The February 13, 2006 issue of Newsweek featured an article on The Colbert Report titled "The Truthiness Teller", recounting the career of the word truthiness since its popularization by Colbert.
The New York Times again discussed "truthiness" in its issue of December 25, 2005, this time as one of nine words that had captured the year's zeitgeist, in an article titled "2005: In a Word; Truthiness" by Jacques Steinberg. In crediting truthiness, Steinberg said, "the pundit who probably drew the most attention in 2005 was only playing one on TV: Stephen Colbert".
In the January 22, 2006 issue, columnist Frank Rich used the term seven times, with credit to Colbert, in a column titled "Truthiness 101: From Frey to Alito", to discuss Republican portrayals of several issues (including the Samuel Alito nomination, the Bush administration's response to Hurricane Katrina, and Jack Murtha's Vietnam War record). Rich emphasized the extent to which the word had quickly become a cultural fixture, writing, "The mock Comedy Central pundit Stephen Colbert's slinging of the word 'truthiness' caught on instantaneously last year precisely because we live in the age of truthiness." Editor & Publisher reported on Rich's use of "truthiness" in his column, saying he "tackled the growing trend to 'truthiness,' as opposed to truth, in the U.S."
The New York Times published two letters on the 2006 White House Correspondents' Dinner, where Stephen Colbert was the featured guest, in its May 3, 2006 edition, under the headline "Truthiness and Power".
Frank Rich referenced truthiness again in The New York Times in 2008, describing the strategy of John McCain's presidential campaign as being "to envelop the entire presidential race in a thick fog of truthiness", Rich explained that the campaign was based on truthiness because "McCain, Sarah Palin and their surrogates keep repeating the same lies over and over not just to smear their opponents and not just to mask their own record. Their larger aim is to construct a bogus alternative reality so relentless it can overwhelm any haphazard journalistic stabs at puncturing it." Rich also noted, "You know the press is impotent at unmasking this truthiness when the hardest-hitting interrogation McCain has yet faced on television came on 'The View'. Barbara Walters and Joy Behar called him on several falsehoods, including his endlessly repeated fantasy that Palin opposed earmarks for Alaska. Behar used the word 'lies' to his face."

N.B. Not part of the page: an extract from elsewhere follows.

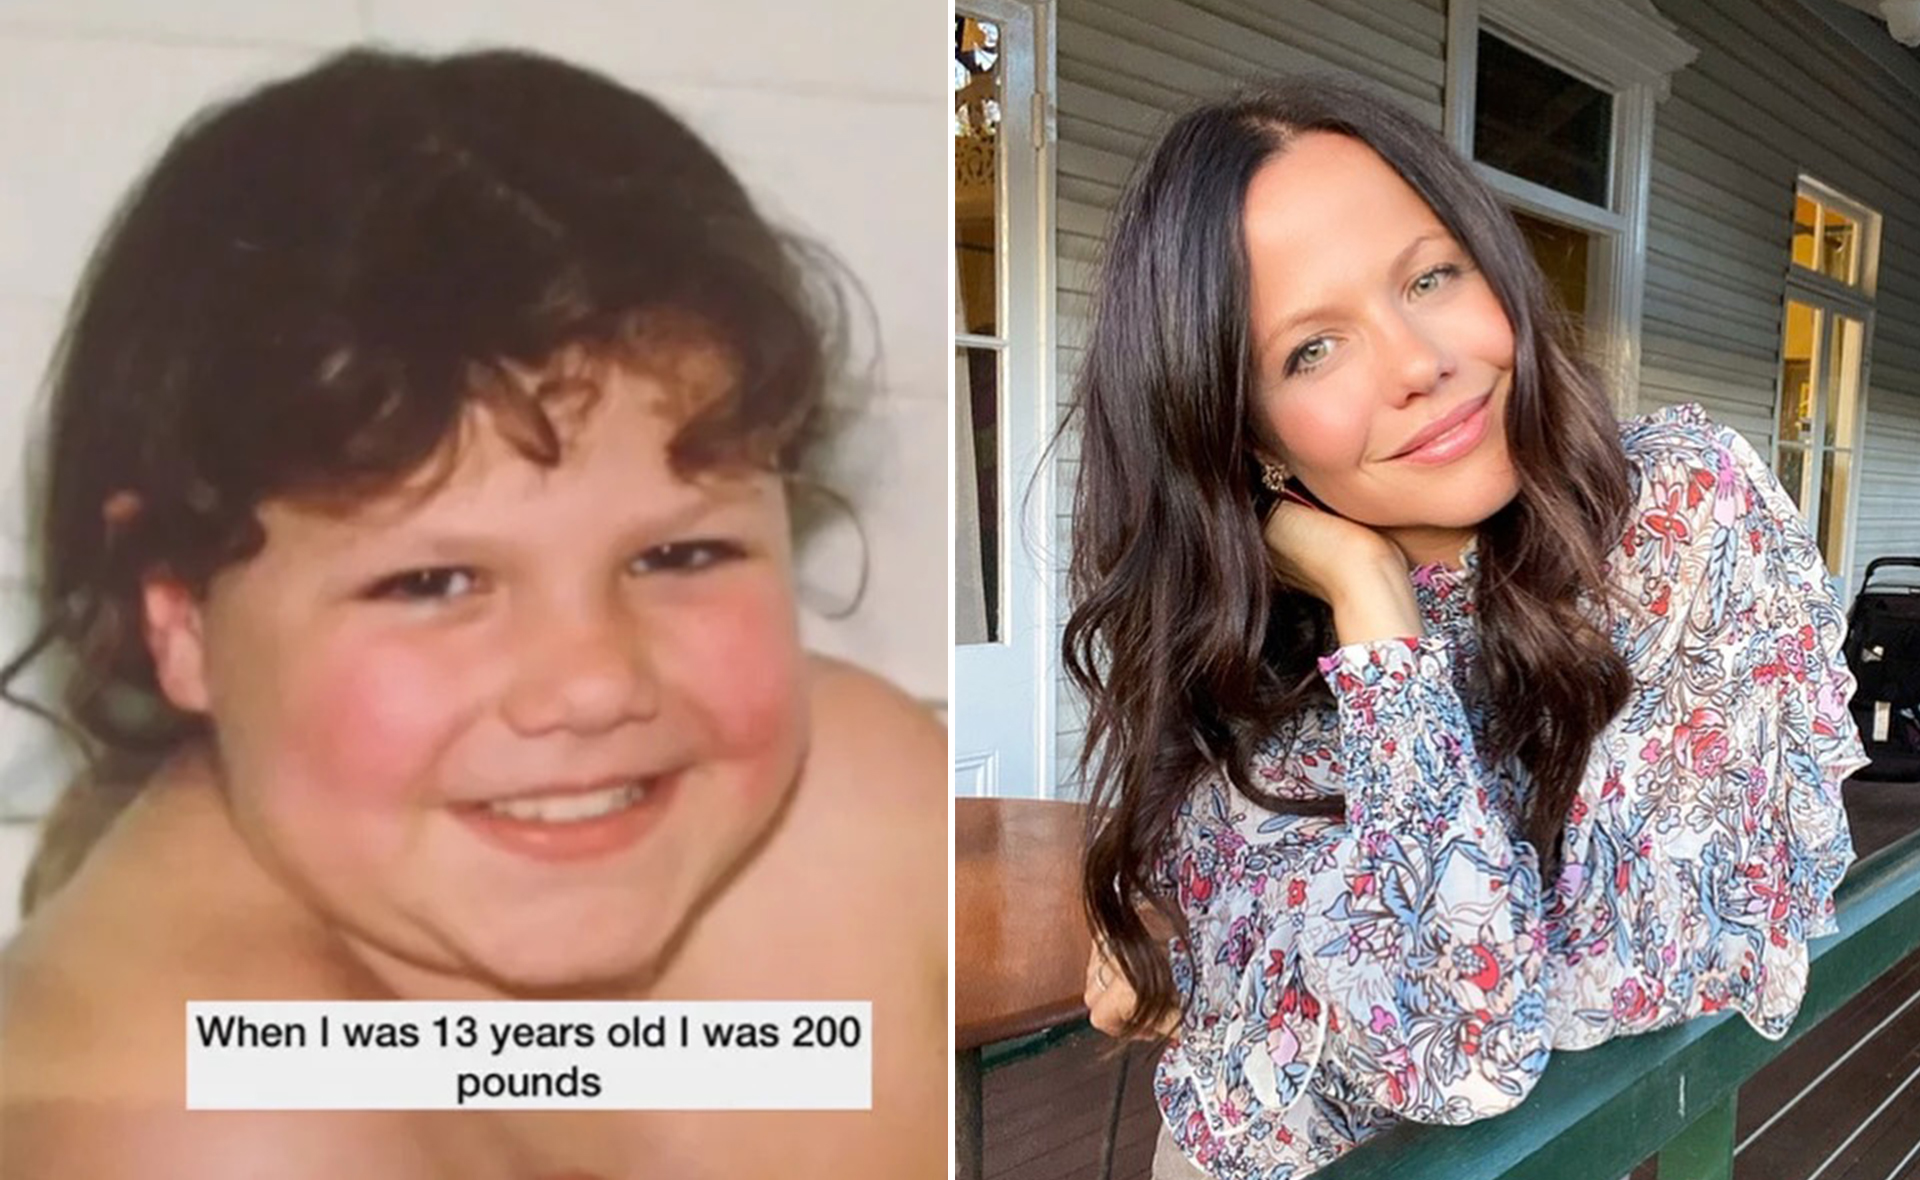 Home and Away alum Tammin Sursok reveals the cruel taunts she copped from bullies as a kid

The word was listed in the annual "Banished Word List" released by a committee at Lake Superior State University in Sault Ste. Marie, Michigan, in 2007. The list included "truthiness" among other overused terms, such as "awesome" celebrity couple such as "Brangelina", and "pwn".
In its 16th annual words of the year vote, the American Dialect Society voted truthiness as the word of the year. First heard on The Colbert Report, a satirical mock news show on the Comedy Central television channel, truthiness refers to the quality of preferring concepts or facts one wishes or believes to be true, rather than concepts or facts known to be true. As Stephen Colbert put it, "I don't trust books. They're all fact, no heart."
Also in 2012, Harvard University's Berkman Center hosted a two-day symposium at Harvard and MIT, "Truthiness in Digital Media", exploring "concerns about misinformation and disinformation" in new media.
The Truthiness Collaborative is a project at USC's Annenberg School "to advance research and engagement around the misinformation, disinformation, propaganda and other challenges to discourse fueled by our evolving media and technology ecosystem".